Above all else, Clausewitz insists that war is an instrument of policy. What that means is that war should be waged not for the goal of victory, necessary though that usually is, but rather for the securing of an advantageous peace. One might coin the aphorism that “there is more to war than warfare.”11

In our understandable and necessary focus on what is changing in the character of war, it is scarcely less necessary to keep steadily in mind just what it is about war and warfare that has not, and will not, change. For example, war comes with fog, and that is immutable. Similarly, to adapt a popular bumper-sticker phrase, “friction happens.”

2. Third-Rate Enemies

The experience of warfare of any kind tells one useful things about one’s armed forces. Every profession needs to practice its skills. But it is well to remember that for the past 15 years America’s foes have been Panamanians, Iraqis, Somali clansmen, Bosnian Serbs, Serbs again, hapless Talibans, Iraqis in a return engagement, and, of course, the well-networked fanatics of al Qaeda. A tradition of victory is very important, but it is apt to feed uncritical expectations of victory in the future. It can mislead people into discounting the contextual factors critical to success, in favor of the military prowess that was demonstrated. It is worth recalling what went wrong, as well as right, in Panama; how the Gulf War of 1991 was waged and concluded in such a manner that a second round would be necessary; how the United States was defeated strategically in Somalia; how uncertain was the success achieved in Bosnia; how incompetently the war over Kosovo was conducted in 1999; how the victory of 2001 in Afghanistan has restored the traditional power of the warlords in the countryside, a power fueled by the cash crop of the poppy; and how the on-going conflict in Iraq underlines yet again the truth in the sayings that war is about peace, and, as cited already, that there is more to war than warfare.

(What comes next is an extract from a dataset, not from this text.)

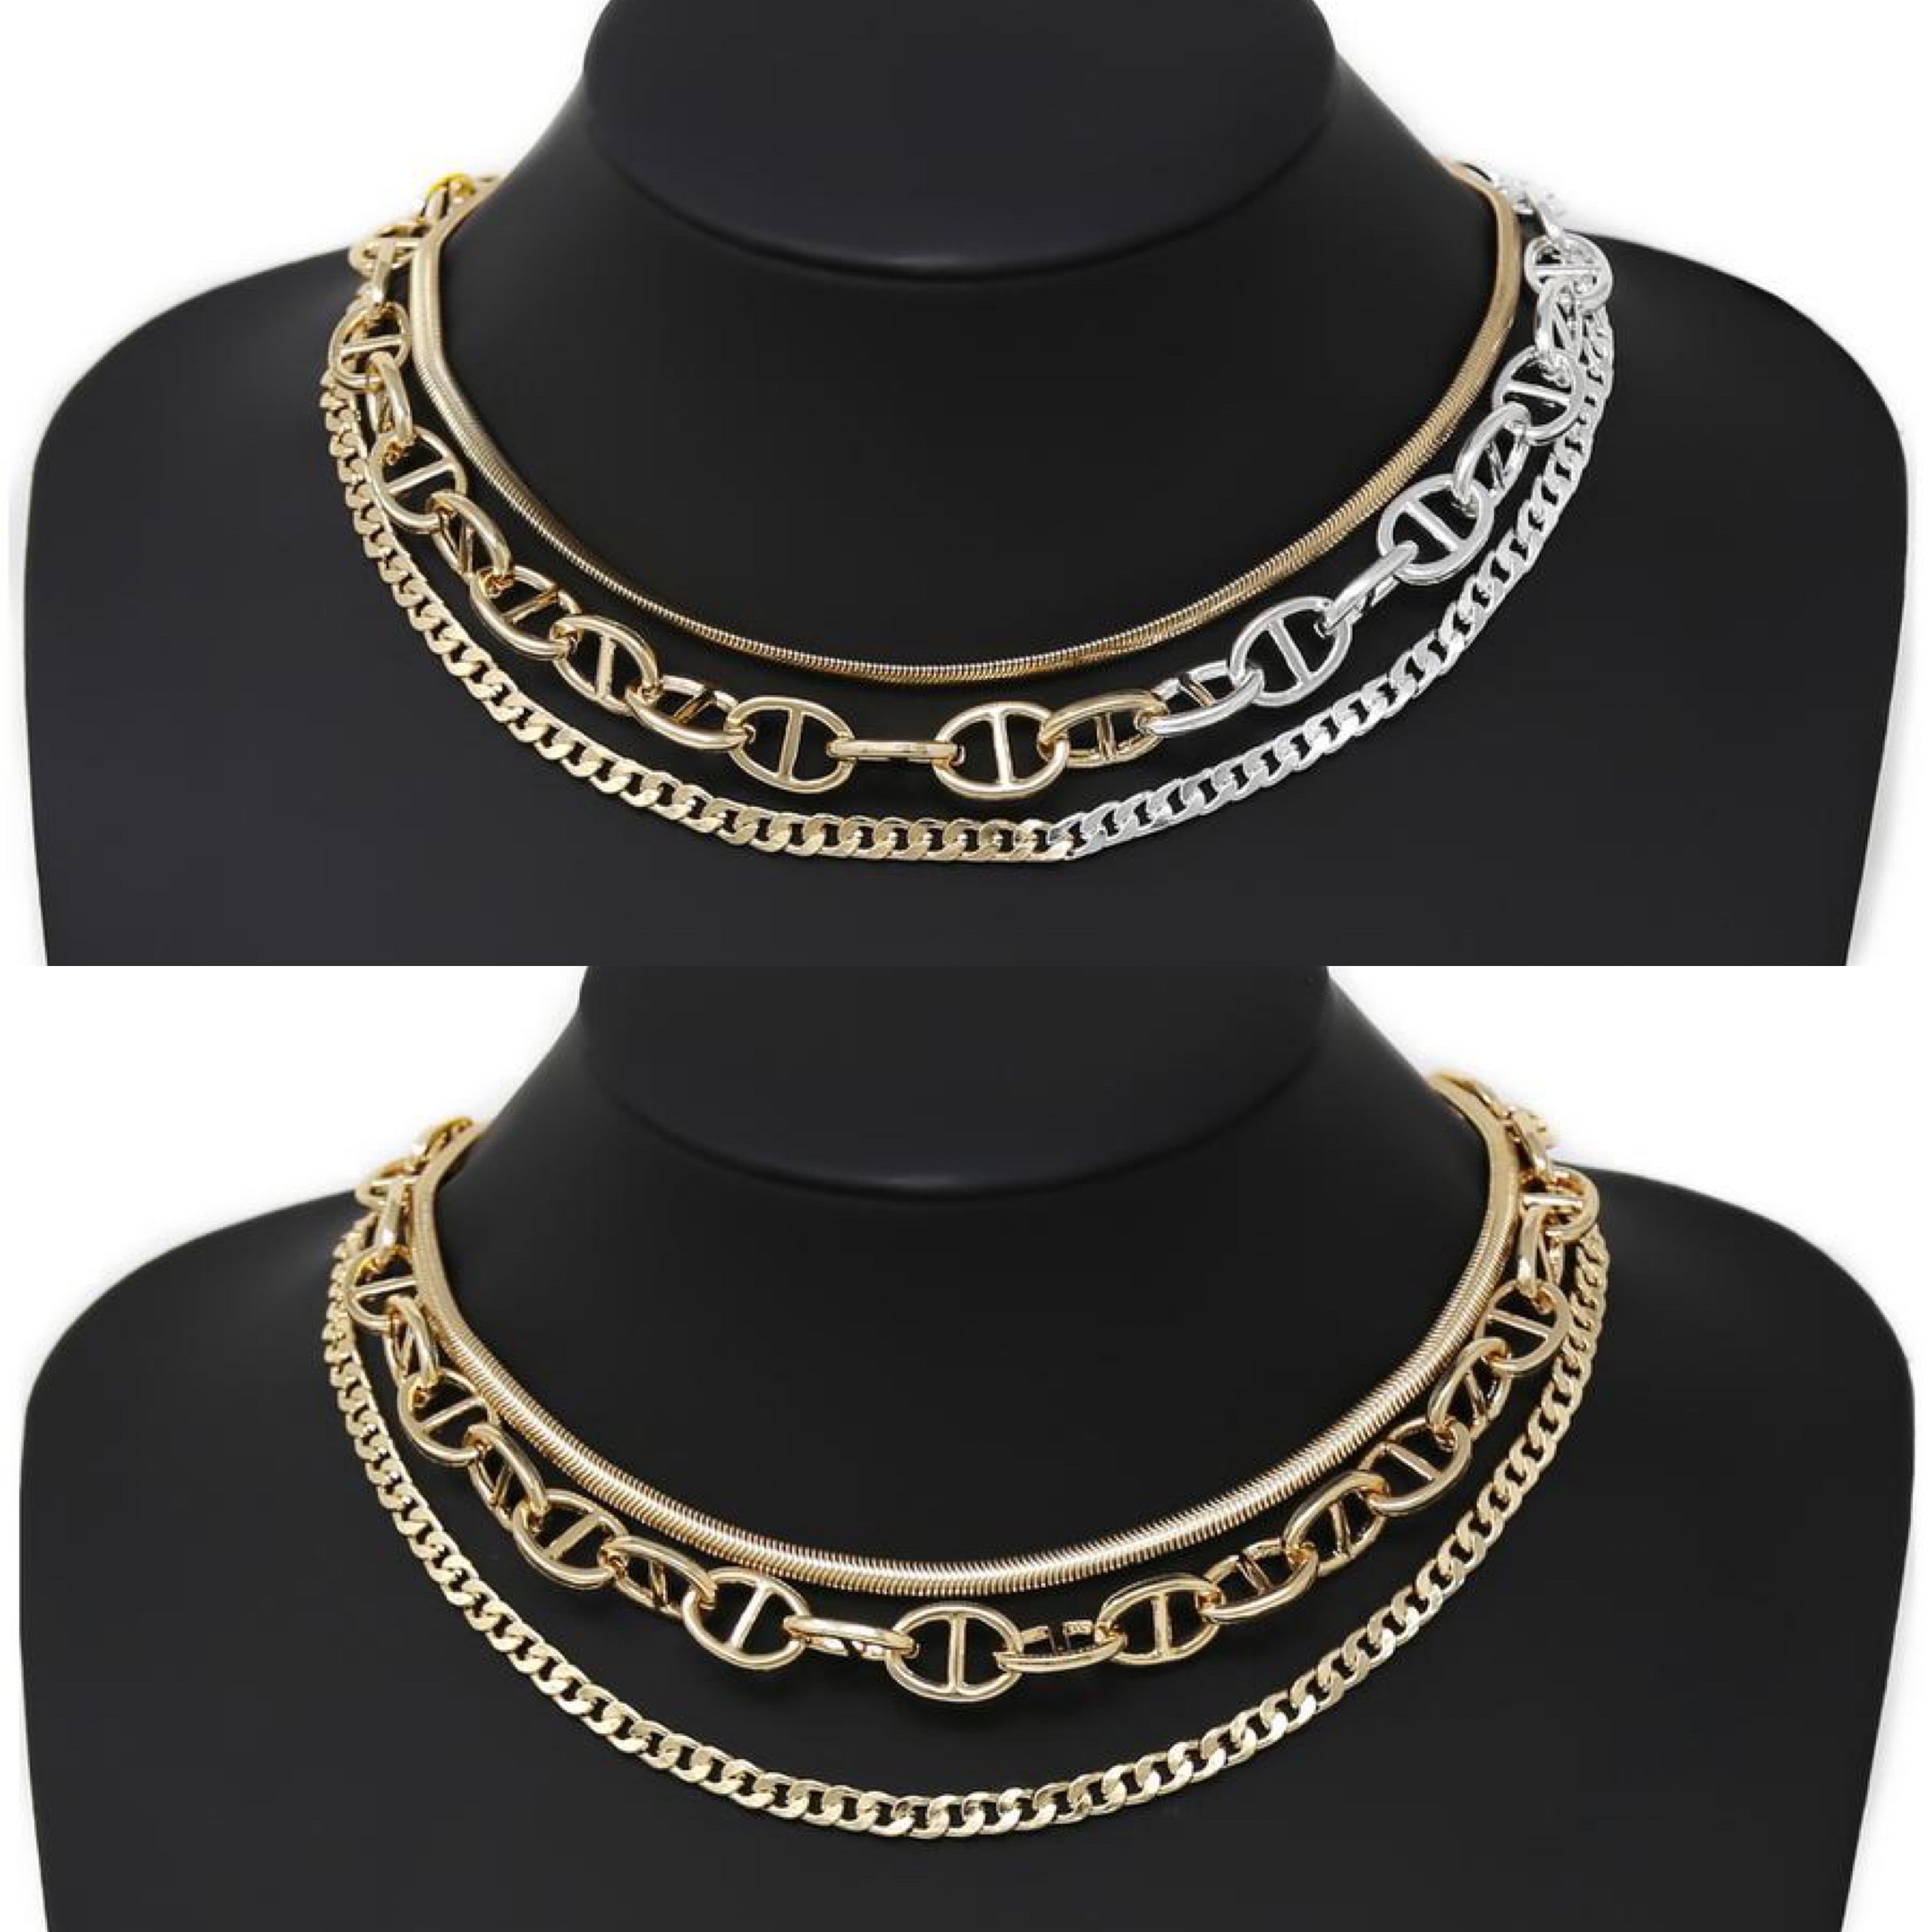 Designer inspired necklaces

With the arguable exception of the strategically outstanding al Qaeda, since the Berlin Wall came down all of America’s enemies have been belligerents of the third-rate or less. And, as enumerated above, strategic success has by no means been achieved elegantly and definitively. Every exercise of American arms since 1989, with the exception of the war against al Qaeda, was an example of warfare that the country could not lose. Nonetheless, defeat somehow was contrived in Somalia, as the newly installed Clinton Administration failed to take a proper grip on the poisoned chalice bequeathed by President Bush the elder.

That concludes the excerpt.